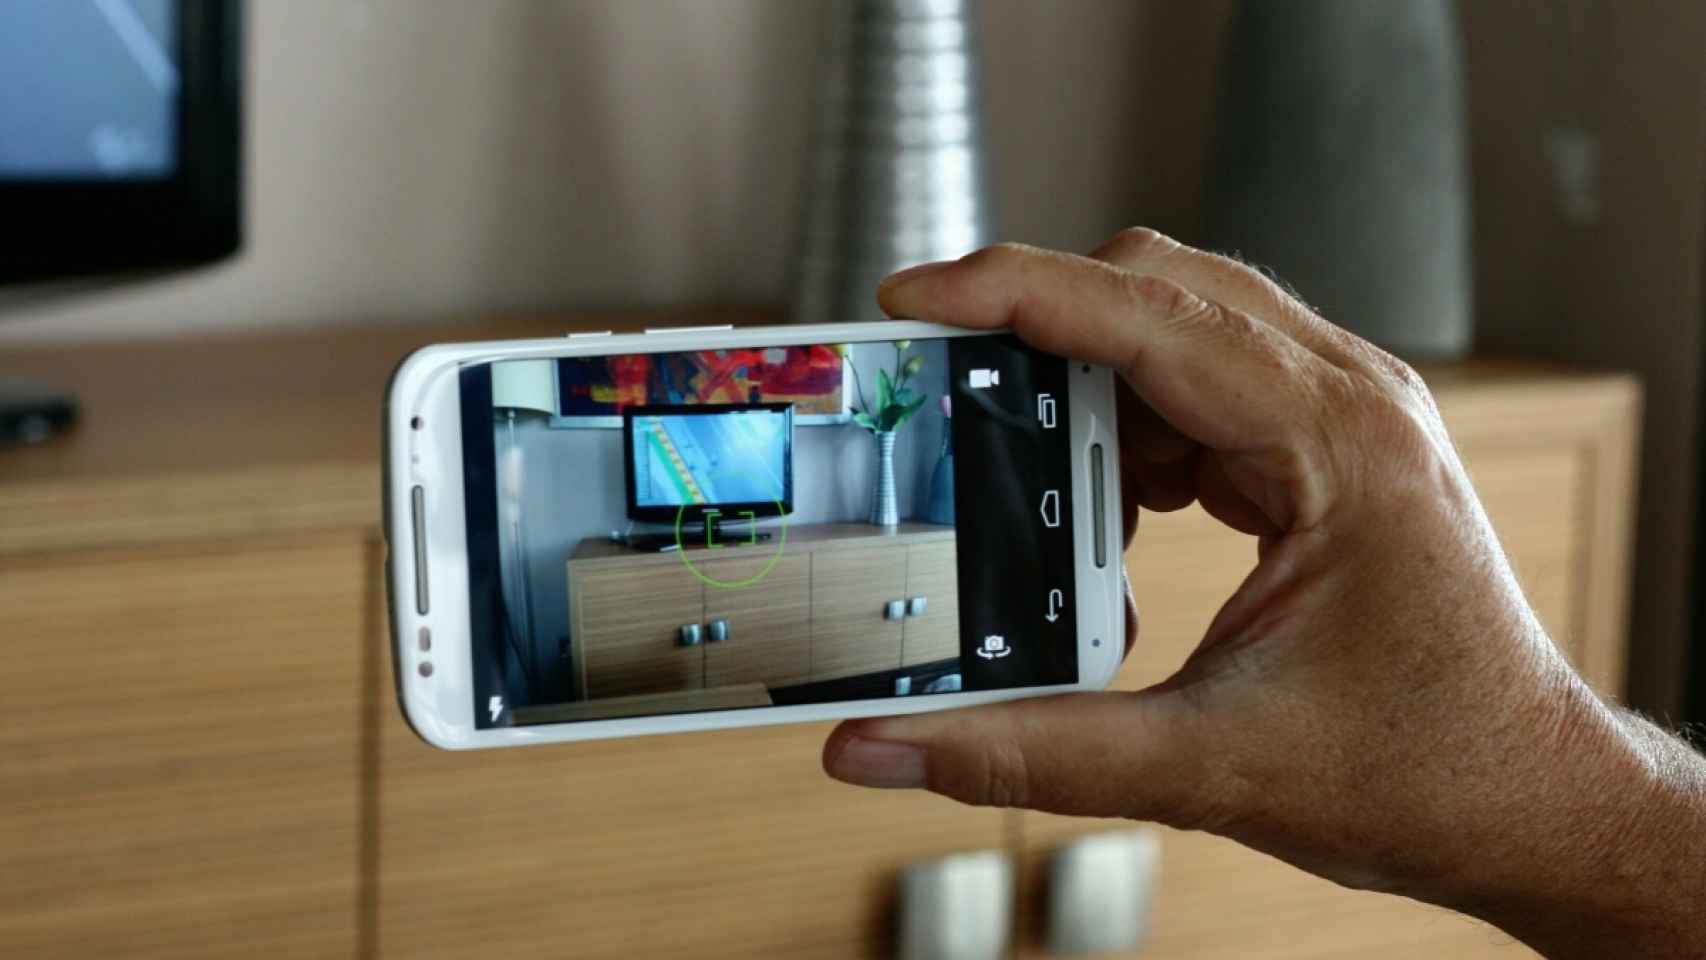 Cámara Moto, la nueva aplicación de Motorola que no puedes probar
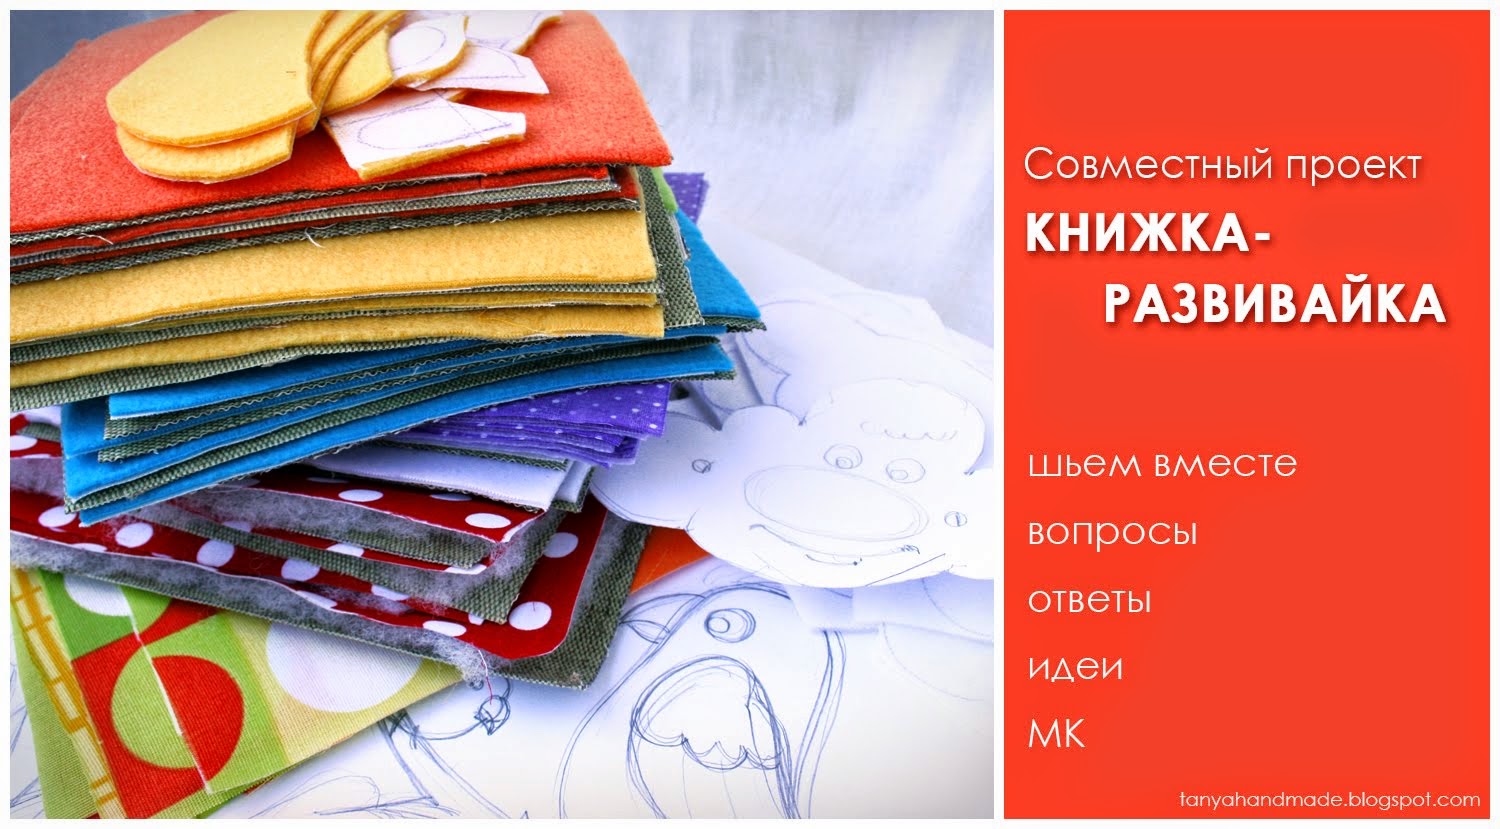 Master Class of ЕTatyana Petrenko (ART OF SEAMS) sewing development book
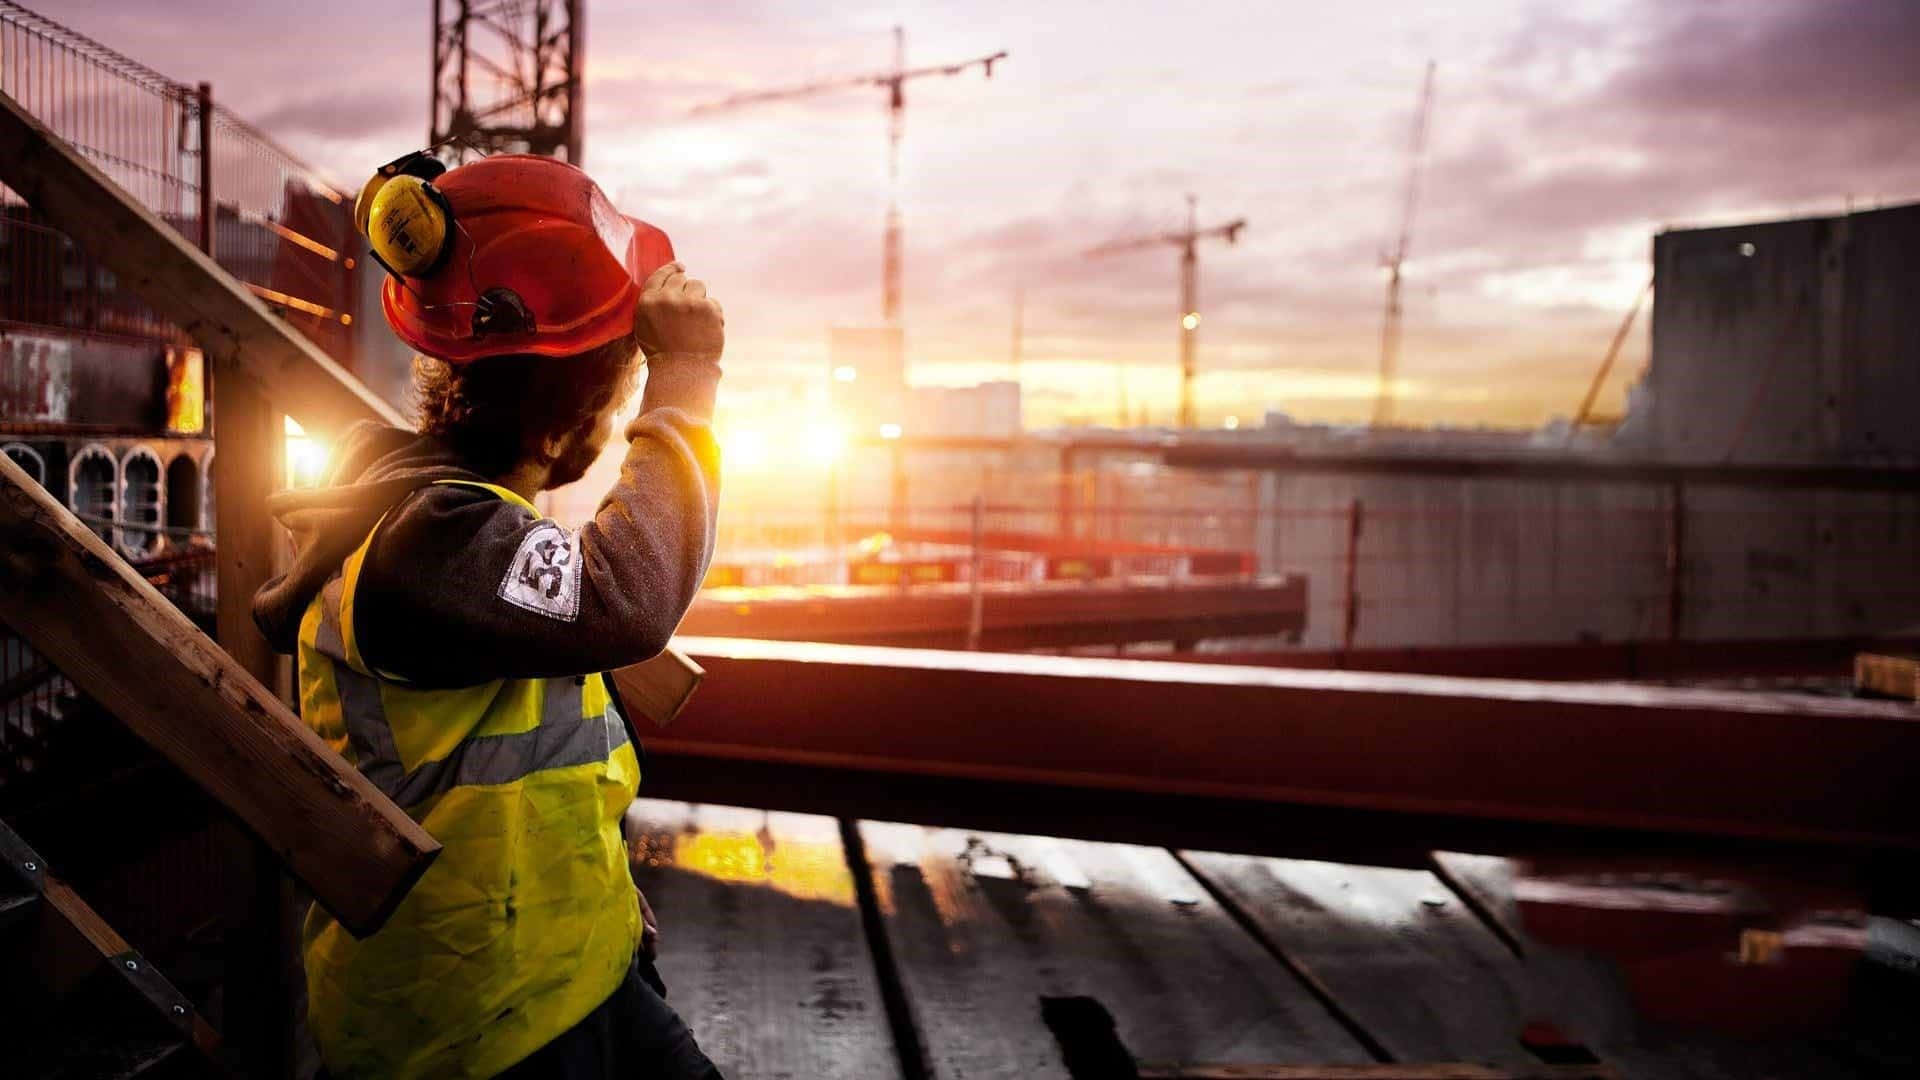 Enbygningsarbejder Står På En Stige Ved Solnedgang.

## EXERCISE
Could you give the listing again exactly as it stands, minus any pictures?

## SOLUTION FOR THIS EXERCISE
 Cámara Moto, la nueva aplicación de Motorola que no puedes probar
 Master Class of ЕTatyana Petrenko (ART OF SEAMS) sewing development book
 Enbygningsarbejder Står På En Stige Ved Solnedgang.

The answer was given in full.